McNamara and her colleagues’ overall argument is that there isn’t really much to see here. WPATH agrees there should be robust assessment, the Endocrine Society agrees there should be robust assessment, the Cass Review agrees there should be robust assessment. . . what’s the problem, even?

But this is divorced from reality. First, it’s well-established that at the Gender Identity Development Service (GIDS), the clinic at issue, there was significant variation in the level of care that youth received, including whether and to what extent they went through comprehensive assessments. 

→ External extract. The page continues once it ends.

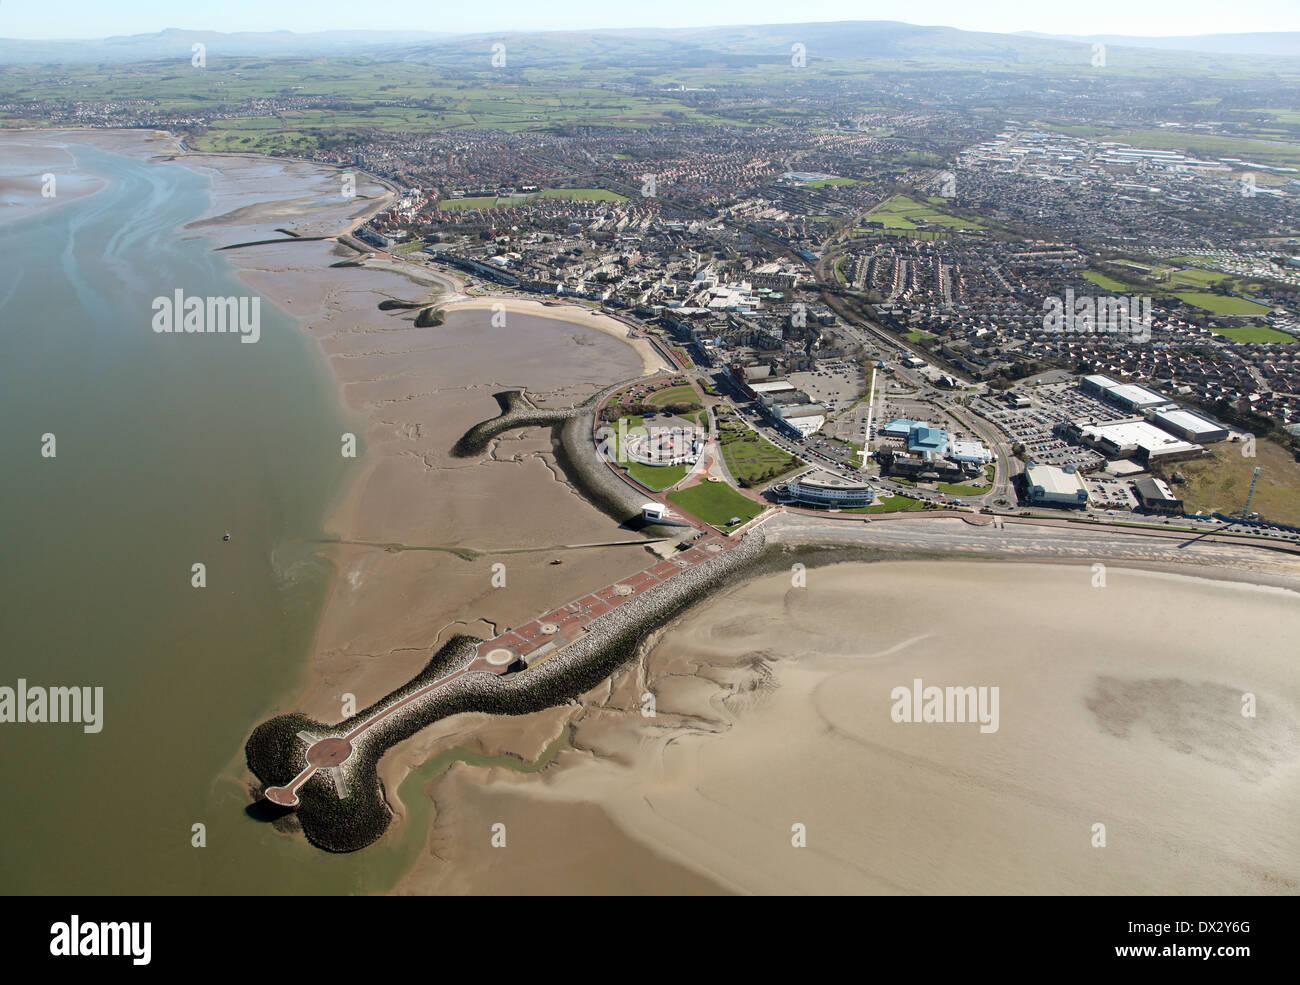 Vista aérea de la ciudad de Morecambe y paseo marítimo, defensas contra el mar y las playas en Lancashire Imagen De Stock

In the interim Cass Review, Cass wrote:

1.7. At primary, secondary and specialist level, there is a lack of agreement, and in many instances a lack of open discussion, about the extent to which gender incongruence in childhood and adolescence can be an inherent and immutable phenomenon for which transition is the best option for the individual, or a more fluid and temporal response to a range of developmental, social, and psychological factors. Professionals’ experience and position on this spectrum may determine their clinical approach. 

1.8. Children and young people can experience this as a ‘clinician lottery,’ and failure to have an open discussion about this issue is impeding the development of clear guidelines about their care.

So no, comprehensive assessments were not the established norm at GIDS or in other parts of the NHS youth gender system. That’s also true in the United States. As Reuters reported in 2022, even the big, multidisciplinary youth gender clinics said they were willing to refer a young person for blockers or hormones on the first visit in some cases, which deviates wildly from the so-called Dutch Protocol, which is where the only semi-decent evidence for youth gender medicine comes from. 

All this has occurred at a time when, as Reuters put it,

[M]any of the patients flooding into clinics wouldn’t meet Dutch researchers’ criteria.Some have significant psychiatric problems, including depression, anxiety and eating disorders. Some have expressed feelings of gender dysphoria relatively late, around the onset of puberty or after, according to published studies, gender specialists and clinic directors. Such cases require more extensive evaluation to rule out other possible causes of the patient’s distress.

I have regularly encountered examples of this in my own reporting, some of which will be in my book. I’ve spoken with a number of parents who took their gender-questioning kid to the local gender clinic (often after an extended and frustrating wait), expecting an introductory conversation about the options available to them, only to find that on the first visit, the clinicians or social workers they spoke with were ready to put their kids on puberty blockers and/or hormones immediately. This appears to be a fairly common occurrence in the States.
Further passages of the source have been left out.